MatchZoo
MatchZoo copied to clipboard
Preprocessor.fit_transform does not initialise preprocessor.context
Describe the bug
When calling
preprocessor = mz.preprocessors.DSSMPreprocessor() train_processed = preprocessor.fit_transform(train_pack)
the preprocessor does not automatically initialise preprocessor.context like when calling
train_processed = preprocessor.fit(train_pack)
To Reproduce
import matchzoo as mz
import pandas as pd
path = "/results/DPH_3.res" #any file
table = pd.read_csv(path,sep='\t')
df = pd.DataFrame({ #any format
'text_left': table['q'],
'text_right': table['doc'],
'id_left': table['q_id'],
'id_right': table['doc_id'],
'label': table['label']
})
pack = mz.pack(df)
train_pack = pack[:10000]
valid_pack = pack[10000:15000]
predict_pack = pack[15000:20000]
preprocessor = mz.preprocessors.DSSMPreprocessor()
preprocessor.fit_transform(train_pack)
print(preprocessor.context) #output is {}
preprocessor.fit(train_pack)
print(preprocessor.context) #output is not empty, all params are initialised
train_processed = preprocessor.transform(train_pack)
valid_processed = preprocessor.transform(valid_pack)

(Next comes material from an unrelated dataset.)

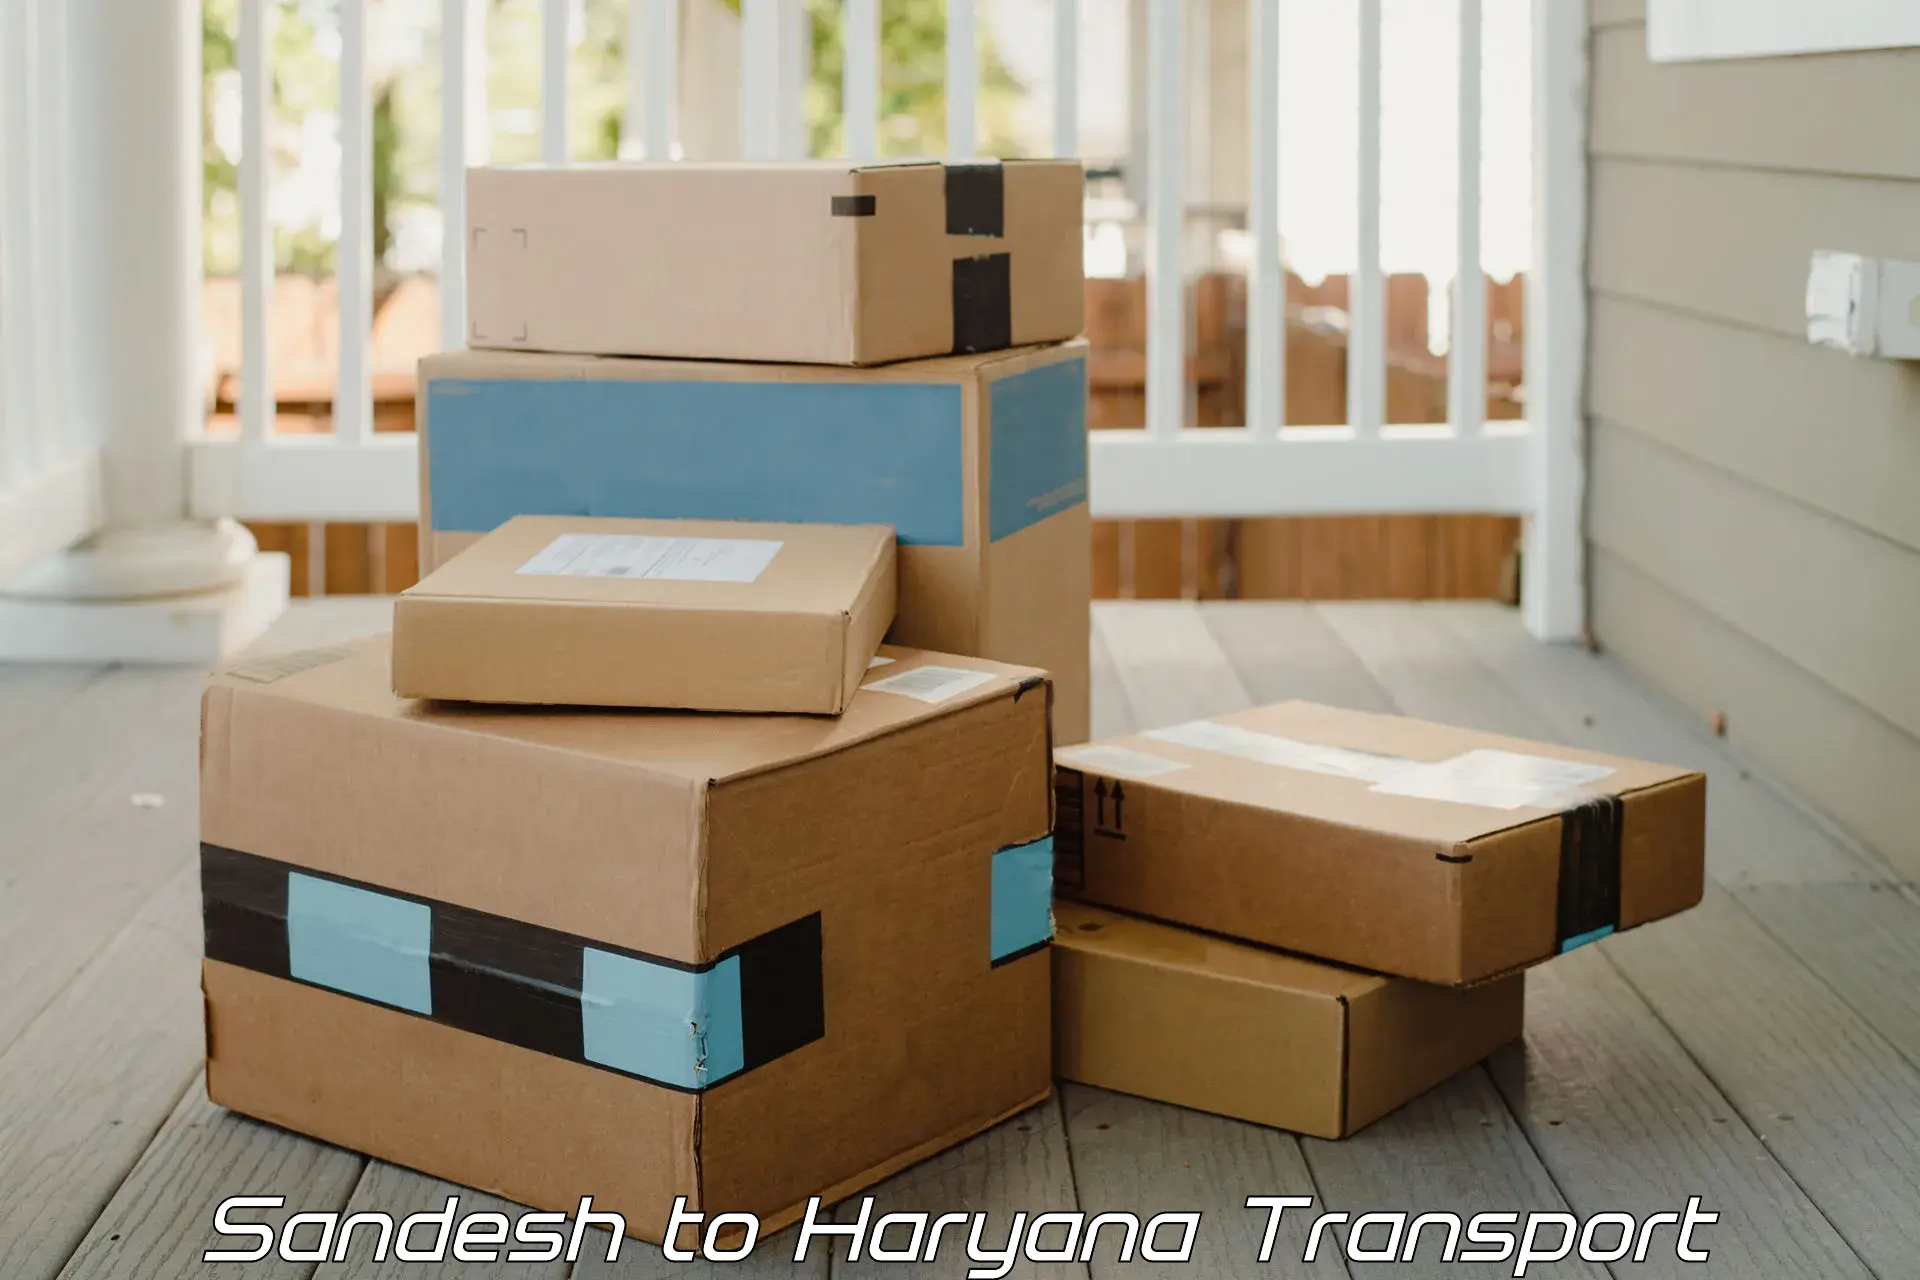 Shipping partner in Sandesh to Pinjore

predict_processed = preprocessor.transform(predict_pack)
Describe your attempts
- [x] I checked the documentation and found no answer
- [x] I checked to make sure that this is not a duplicate issue
Current workaround: Separately perform preprocessor.fit() and preprocessor.transform()
Context
- OS : macOS 10.13
- Hardware : CPU only
- Matchzoo version : 2.1.0
Since I don't have your data, I tested it with our toy data. I could not reproduce the bug you are reporting.
Here's the thing I tried:
import matchzoo as mz
pp = mz.preprocessors.DSSMPreprocessor()
dp = mz.datasets.toy.load_data()
pp.fit_transform(dp)
print(pp.context) # actually prints correctly fitted context
pp.fit(dp)
print(pp.context) # prints the same thing